Obwohl der Bildungscheck für Lehrlinge und Lehrabsolventen sämtliche Lehrlinge und Lehrabsolventen in der Steiermark finanziell unterstützen soll, werden nicht in jedem Fall sämtliche anfallende Kosten gedeckt. Jeder Kurs- und Lehrlingsabsolvent erhält bis zu 50 Prozent der Kurskosten durch den Bildungscheck gefördert.

Dennoch erhalten die Antragssteller maximal 500 Euro für ihre Lehre, ihren Kurs oder ihren Lehrabschluss. Teurere Kurse werden bis maximal der Höchstgrenze gefördert. Jeder Lehrling bzw. Lehrabsolvent kann pro Lehre sowie abgeschlossener Lehre stets nur einen Antrag stellen.

Ein mehrmaliges Ansuchen des Bildungschecks für dieselbe Lehre ist nicht möglich. Stellen Interessenten den Antrag auf Erhalt des Bildungschecks, muss zum Zeitpunkt der Antragstellung das Lehrverhältnis noch aufrecht sein. Nur Lehrabsolventen können einen Lehrabschluss dem Antrag beilegen, um die Förderungsmaßnahme zu erhalten. Der Lehrabschluss muss erfolgreich sein sowie zu einer betrieblichen Lehre gehören.

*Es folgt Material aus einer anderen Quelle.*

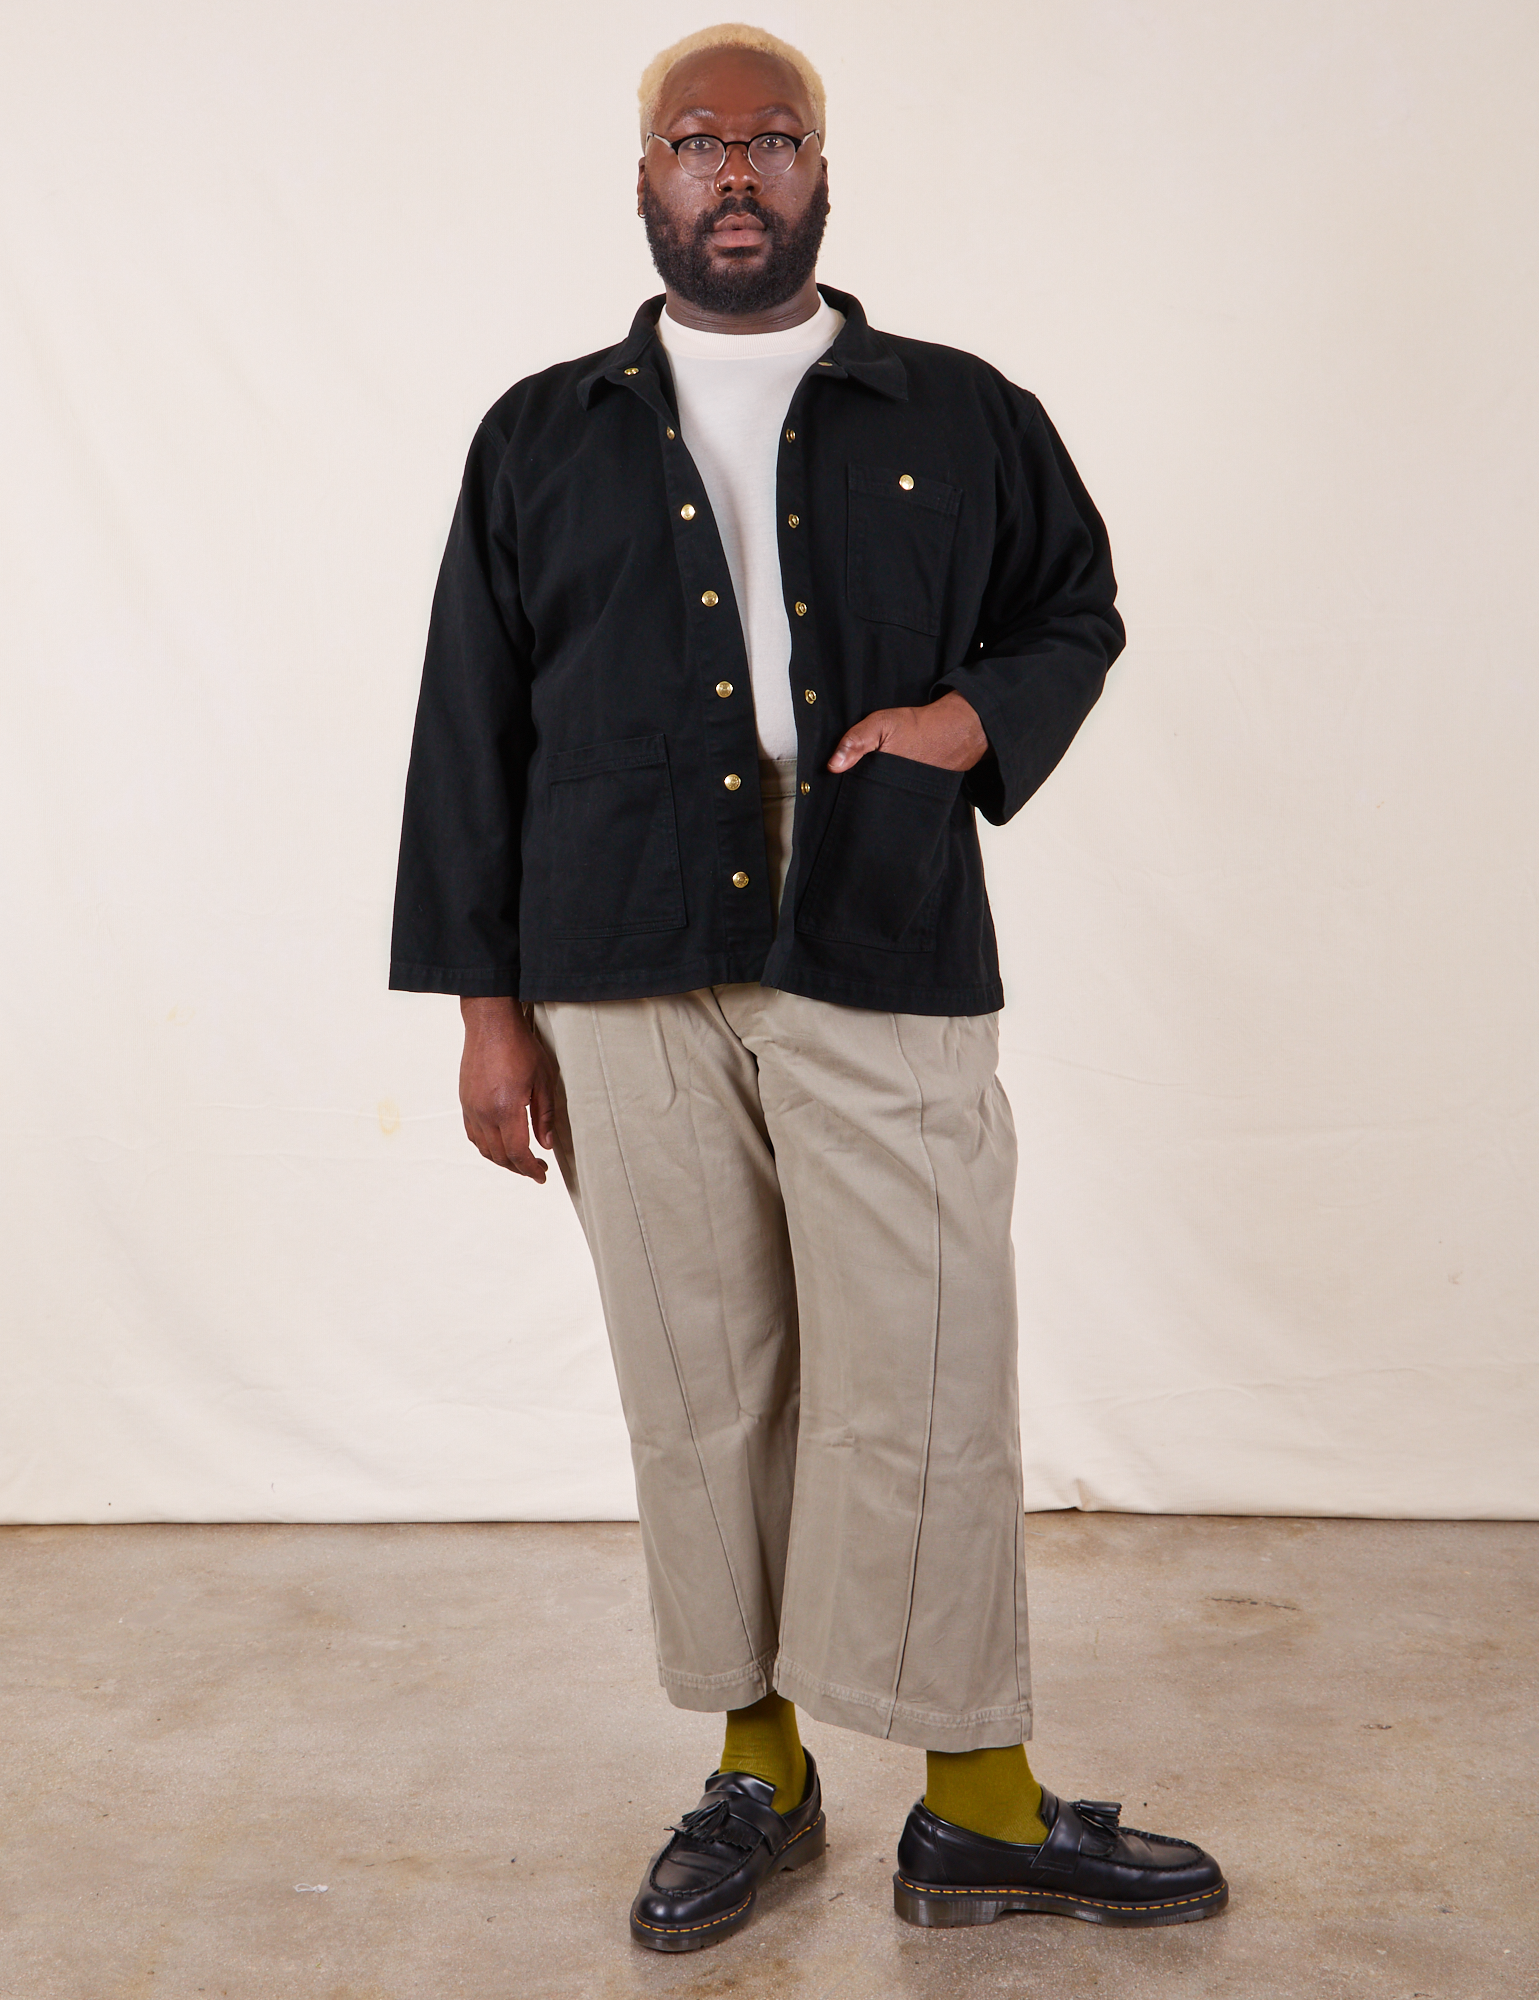 Elijah is 6&#39;4&quot; and wearing 3XL Denim Work Jacket in Basic Black paired with khaki gray Western Pants. He has his right hand in the jacket pocket.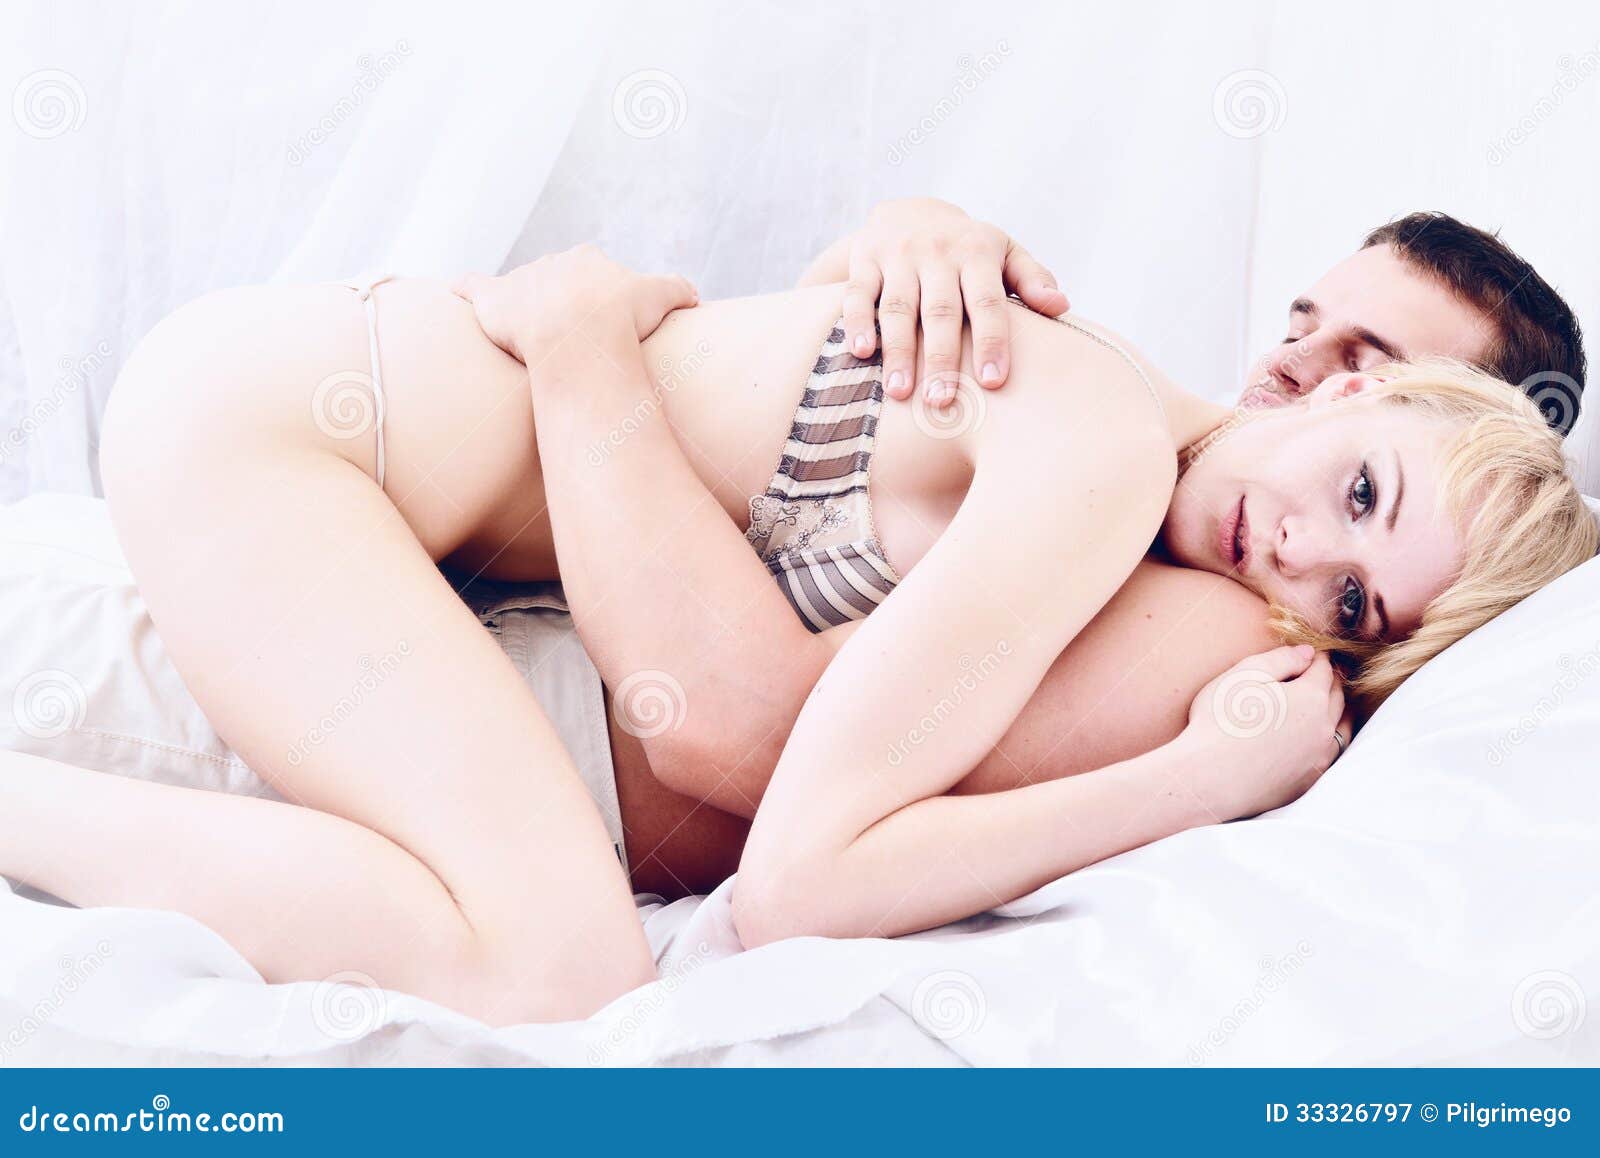 Couples making love naked Couple

Unterlagen für ein Ansuchen des Bildungschecks

Beim Ansuchen des Bildungschecks müssen alle Anträge vollständig ausgefüllt werden. Hierzu existiert ein spezifisches Antragsformular. Dieses ist sowohl über WIFI Seite der Steiermark (http://www.stmk.wifi.at/data/foerderungen/bildungsscheck_lehre.pdf) sowie der WKO Website (https://www.wko.at/service/foerderungen/steiermark-bildungsscheck-lehrlinge-lehrabsolventen.html) online im Word-Format zugänglich. Zusätzlich zum Antrag müssen die Ansuchenden die notwendigen Unterlagen beilegen.

Dies sind eine Kopie des Kurszeugnisses des jeweiligen Bildungsinstituts, eine Kopie des Lehrvertrags sowie eine Kopie des Lehrabschlusszeugnisses bzw. der Lehrabschlusszeugnisse, eine Kopie des Nachweises über die Ableistung des Zivil- oder Präsenzdienstes falls notwendig, bei betreuungspflichtigen Kindern eine Kopie der Geburtsurkunde bzw. der Geburtsurkunde aller Kinder sowie eine Kopie des Einzahlungsbelegs oder ein Nachweis des Telebankingvorgangs. Nur Anträge, welche sämtliche notwendigen Unterlagen beinhalten, können bearbeitet werden.

Der ausgefüllte Antrag mitsamt den notwendigen Unterlagen müssen innerhalb der dreimonatigen Antragsfrist beim Amt der Steiermärkischen Landesregierung in der Abteilung 11 in Graz eingereicht werden. Erfüllen die Antragssteller die Förderungsvoraussetzungen und wurde der Antrag mitsamt Unterlagen pünktlich und im vollem Umfang eingereicht, erhalten die Betroffenen die Förderung auf ihrem angegebenen Konto ausgezahlt.

Zugleich besteht kein Rechtsanspruch auf die Gewährung der Förderung, wodurch kein automatischer Anspruch auf den Erhalt der Förderungsmaßnahmen vorhanden ist. Ebenfalls kann der Antrag auf den Erhalt des Bildungschecks solange angesucht werden, bis eine Änderung der Richtlinien bezüglich Erhalt der Förderung in Kraft tritt.